Однажды, забирая из плена сына крупного коммерса, Петряев обратил внимание на часы Ахмета. Четверть миллиона баксов на руке бандита – вот уж точно, кому война, а кому мать родна. Кем ты был до этой заварухи – пастух горного аула? Нет, чем больше Валерий Николаевич общался с Ахметом, тем больше уверялся, что вырос он не в горах, а в средней полосе России. Ему становилось всё труднее выносить этот больной взгляд. По часам стало ясно: ставки выросли. Петряев чуял, что однажды не пронесёт – и он сам со всей своей смешной охраной окажется в плену, и никто не поможет, никто. А выплывут на свет его «комиссионные»?
Но как же удачно всё потом перевернулось, как сложилось одно к одному! Ахмет первым подставился, глупее не придумаешь – добровольно пришёл в наспех расставленный капкан, что наркота с людьми делает! Валерий Николаевич лично приехал на место, сам сделал контрольный, закрыл и этот счёт. А часы – то ли из бахвальства, то ли из туземного суеверия про силу поверженного врага, а может, просто от бесконтрольной жадности, приступы которой были иной раз сильнее похоти, – часы он забрал себе. Его совсем не смутило, что это часы мертвеца, он тут же назначил их талисманом своей кощеевой везучести. И что теперь? Является мне тут, сколько лет-то прошло?

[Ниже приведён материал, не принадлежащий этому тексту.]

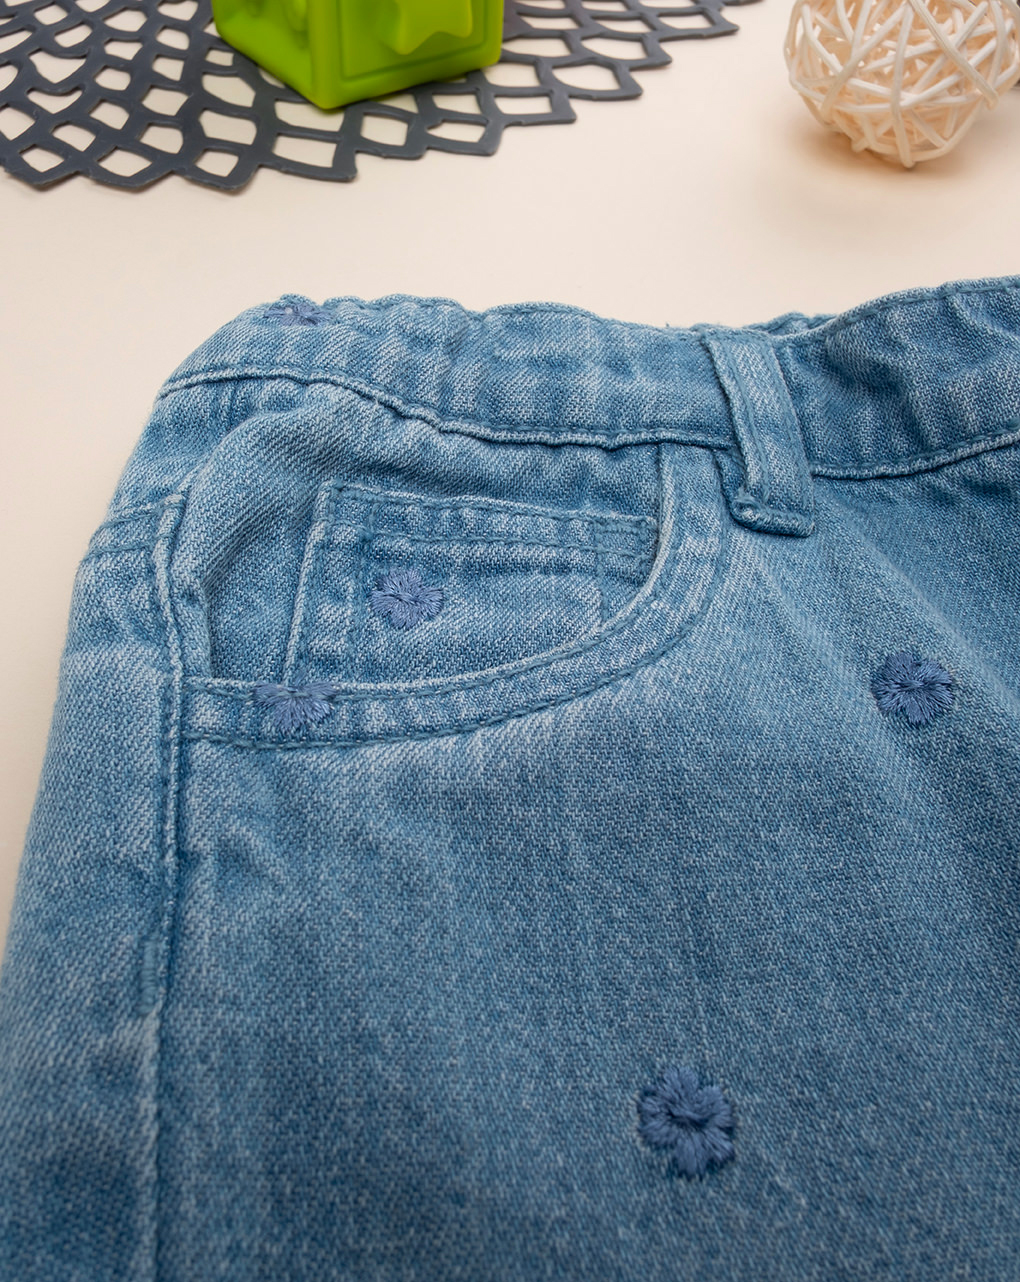 παιδικό τζιν παντελόνι μπλε με λουλούδια για κορίτσι - Prénatal

Охранник вышел из будки, обернулся в сторону террасы. Обычная кислая рожа бородатого сторожа.
– Видно, важный разговор нам предстоит, раз ты меня так терпеливо ждёшь. – Арег маленькими глотками пил воду, наблюдая за Петряевым.
– Разговор важный, не скрою. – Уголок нижней губы слегка подрагивал. – Но и передышка всем нужна, согласись. Пообедаешь?
– Рано пока для ланча. Как Альбина? Стёпа?
– Неплохо. На море сейчас загорают, в Сочи.
– Стёпе ведь в школу в этом году?
– Да. – Петряев улыбнулся. – Смышлёный пацан растёт. Я в его годы и половины не знал, что он знает. И шустрый! Уже на дзюдо пошёл. – Валерий Николаевич довольно потёр руки. – А твои?
– Мои в Лондоне. Гурген заканчивает магистратуру, София с ним сейчас.
– Ты когда последний раз «за стеной» был?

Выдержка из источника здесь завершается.